Is it possible to have a duty to indemnify but not a corresponding duty to defend? Is the duty to indemnify without a corresponding duty to defend an anomaly, or at least a bit illogical?  Or is it perfectly logical in the context of an “eight-corners” state, like Texas? 

The analysis of the duty to defend begins with an examination of the facts and the policy. It is necessary to determine, however, what facts an insurer must, or can, review when determining its defense obligation in a particular jurisdiction. Is the examination of the facts limited to those stated in the lawsuit or can information extrinsic to the lawsuit be consulted?

While it is universally accepted that the duty to defend is broader than the duty to indemnify, jurisdictions differ as to what information can be used to determine that duty. For instance, in an “eight-corners” state, the decision to defend must be based on a review of the policy and the lawsuit. Use of information outside of the complaint is generally not permitted. In other states, information extrinsic to the complaint must be considered.  In some cases, this information can be used to defeat coverage as well as afford it. In other cases, the information can be used only to afford coverage.
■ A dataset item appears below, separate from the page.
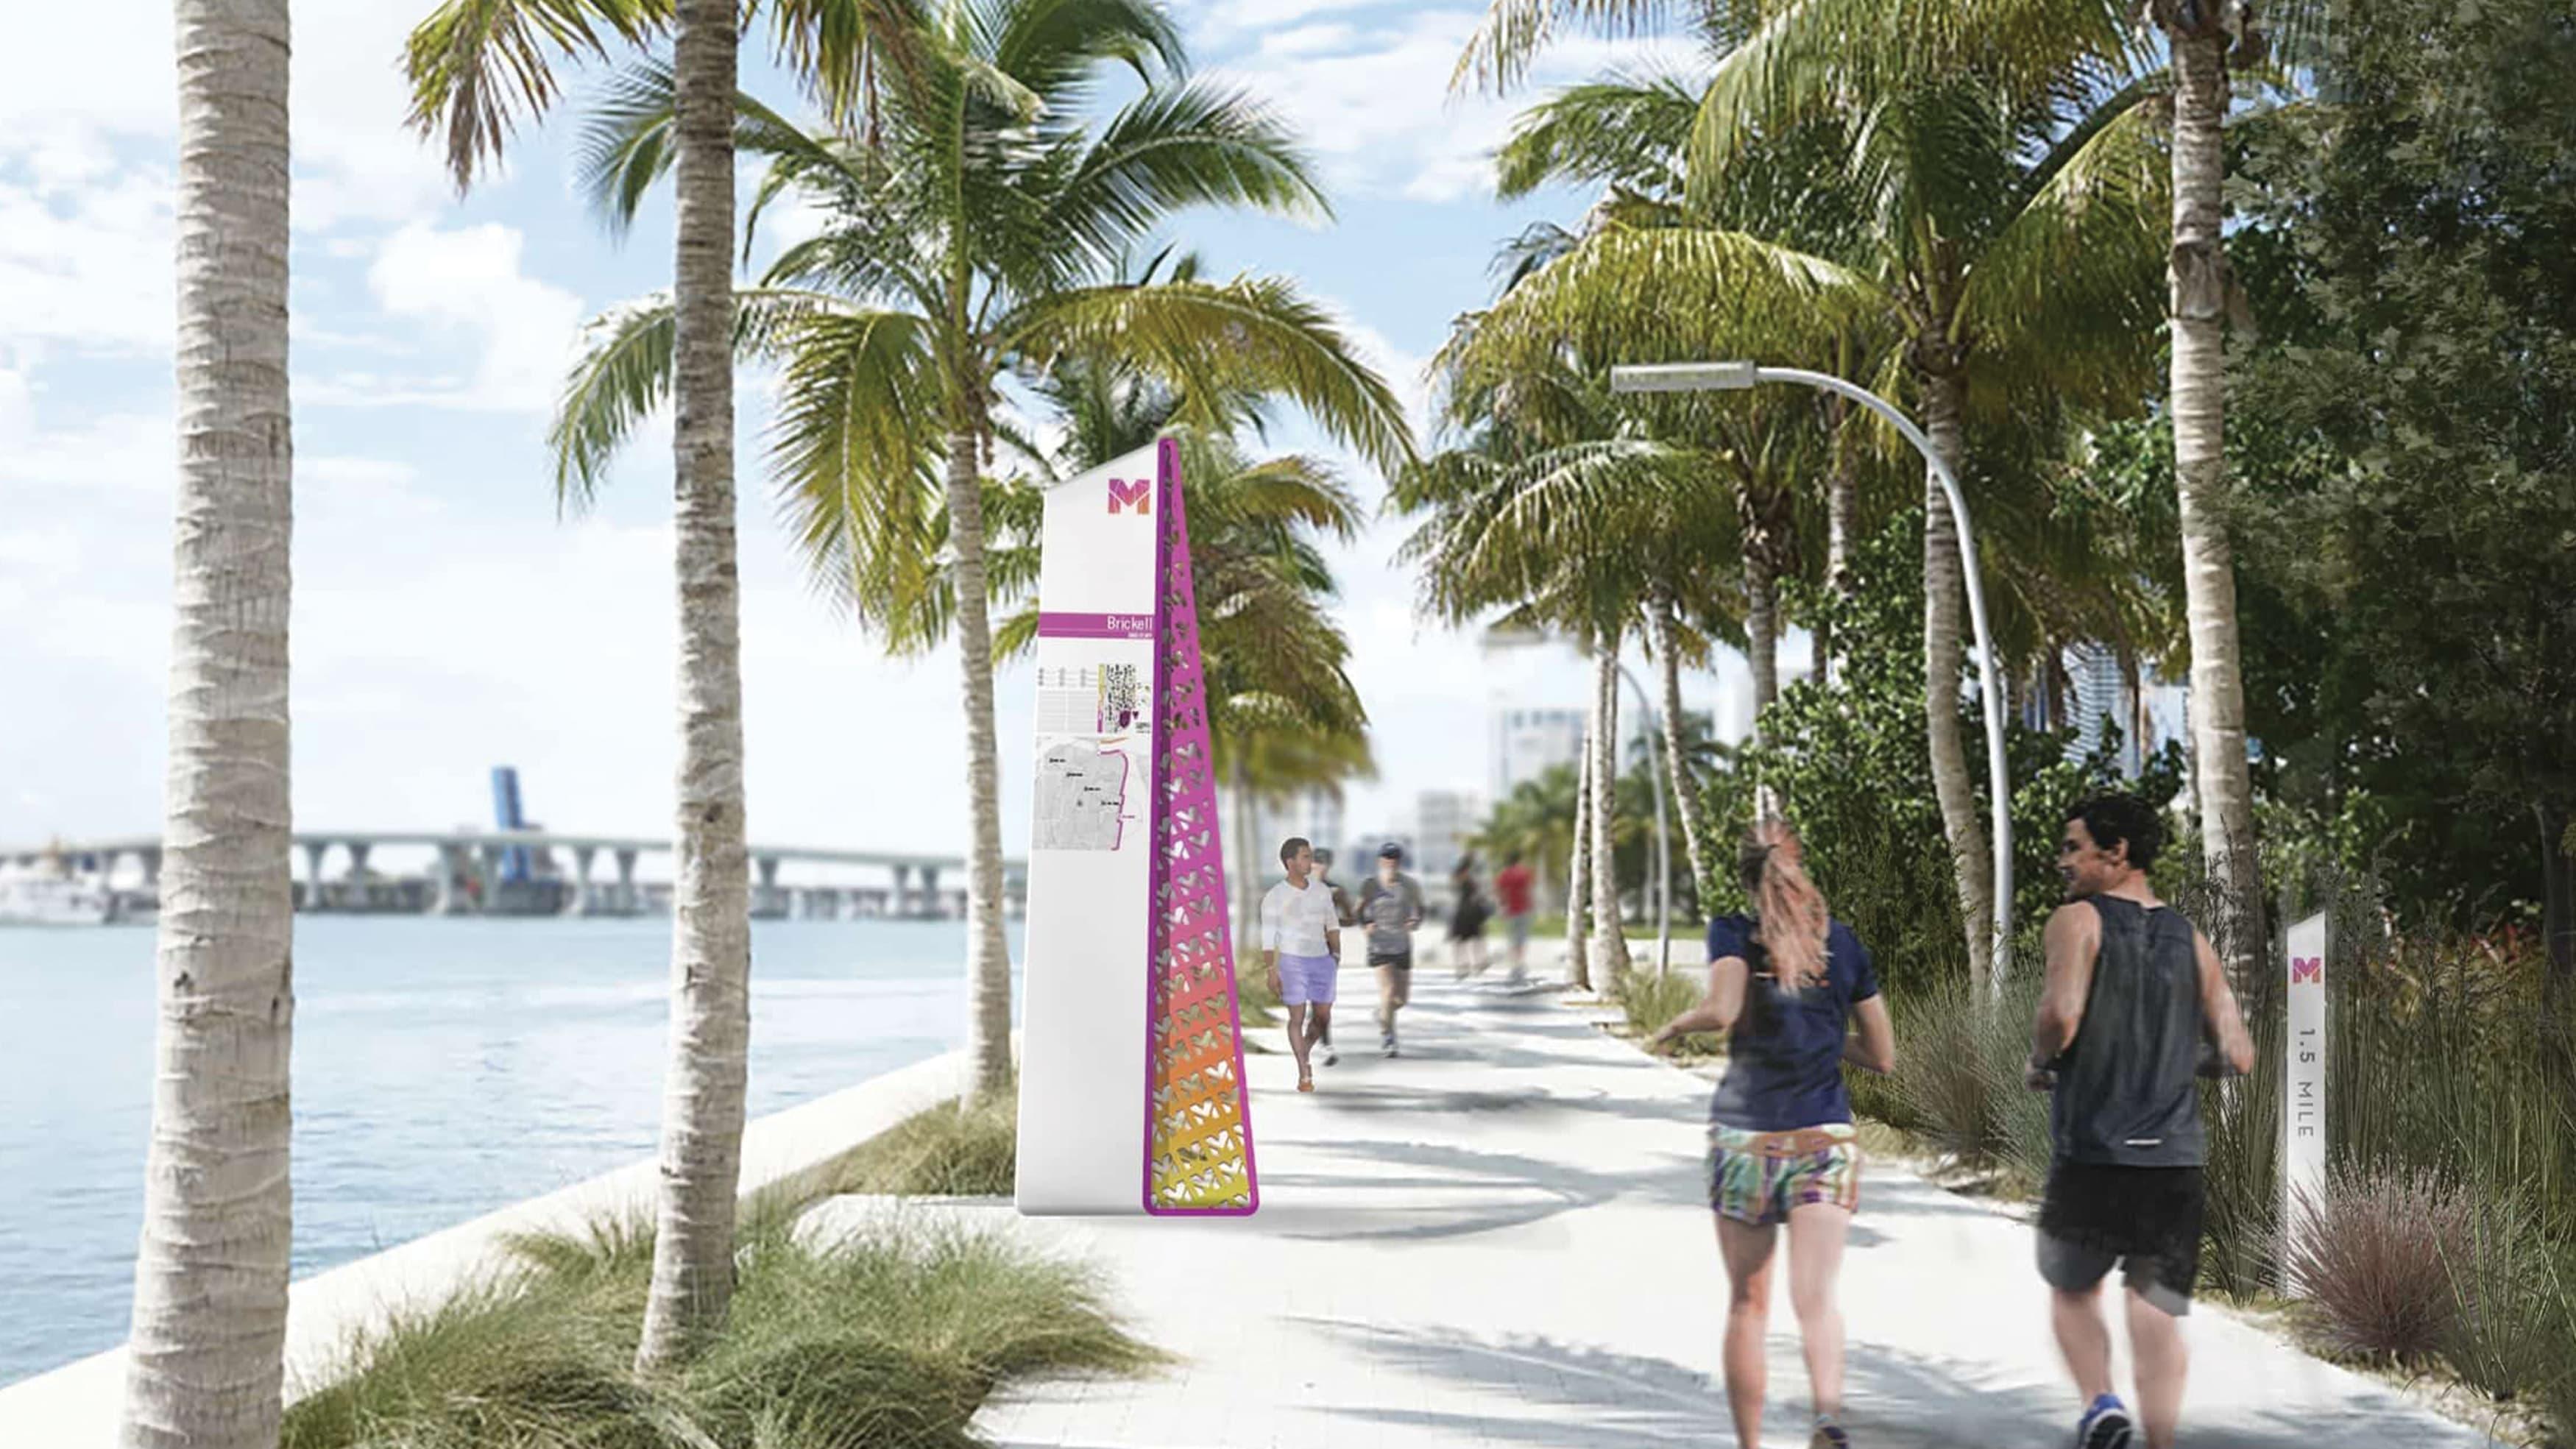 Miami Baywalk wayfinding signage along the waterfront.

So, while it appears that the defense duty is broad because only a potential for coverage need be established, an eight-corners state restricts the amount of information that can be examined.  Does this restriction detract from the axiom that the duty to defend is broader than the duty to indemnify when only limited information can be used?

Common rationale for rejecting the eight-corners rule can be persuasive. First, the denial of a defense based on information restricted to the lawsuit would appear to be contrary to the broad duty to defend which is universally recognized; and, second, the decision to defend, or not, would be based on the pleadings which could be limited in its recitation of the facts and be subject to “the pleading strategies, whims, and vagaries of third party claimants to control the rights of parties to an insurance contract.”[1]

On March 21, 2013, a federal district court in Texas ruled that the duty to defend and duty to indemnify are distinct duties under Texas law and that one can exist without the other.  Colony Ins. Co. v. Price, 2013 U.S. Dist. LEXIS 38952 (N.D. Tex. Mar. 21, 2013).

Citing the Supreme Court of Texas in D.R. Horton-Tex., Ltd. v. Markel Inter’l Ins. Co, 300 S.W.3d 740, 743, the Colony court stated that “although the duty to defend is ‘strictly circumscribed by the eight-corners doctrine, it is well settled that the facts actually established in the underlying suit control the duty to indemnify.’” Colony 13-14

Is the duty to defend truly broader than the duty to indemnify if determination of the duty to defend is “strictly circumscribed by the eight-corners doctrine?”  To answer this question, it is helpful to distinguish the “potential v. actual” criterion for determining duties from any constraints on the information to which this criterion can be applied.

When the duty to defend must be determined from the lawsuit only and not from extrinsic information, it is possible that no duty to defend exists given the way the lawsuit is drafted.  On the other hand, there may be a duty to indemnify because it can be determined based on information outside of the complaint.

In D.R. Horton-Texas, Ltd., the Court ruled that the defense and indemnity duties are independent of each other and that an indemnity duty can exist without a defense duty: “We hold that even if Markel has no duty to defend D.R. Horton, it may still have a duty to indemnify… That determination hinges on the facts established and the terms and conditions of the CGL policy.” D.R. Horton 744.

Hence, the anomaly…the duty to defend is broader than the duty to indemnify, but in an eight-corners jurisdiction, the information used to determine the duty to defend is limited. And while the duty to indemnify is narrower, the information used to determine that duty is broad. Since the duties exist independent of each other, it is possible to have a duty to indemnify without a duty to defend.

[1] Randy Maniloff and Jeffrey Stempel quoting from M. Mooney Corp. v. U.S. Fid. & Guar. Co., 618 A.2d 793, 797 (N.H. 1992), General Liability Insurance Coverage/Key Issues in Every State (New York, NY: Oxford University Press, Inc. 2011) 71.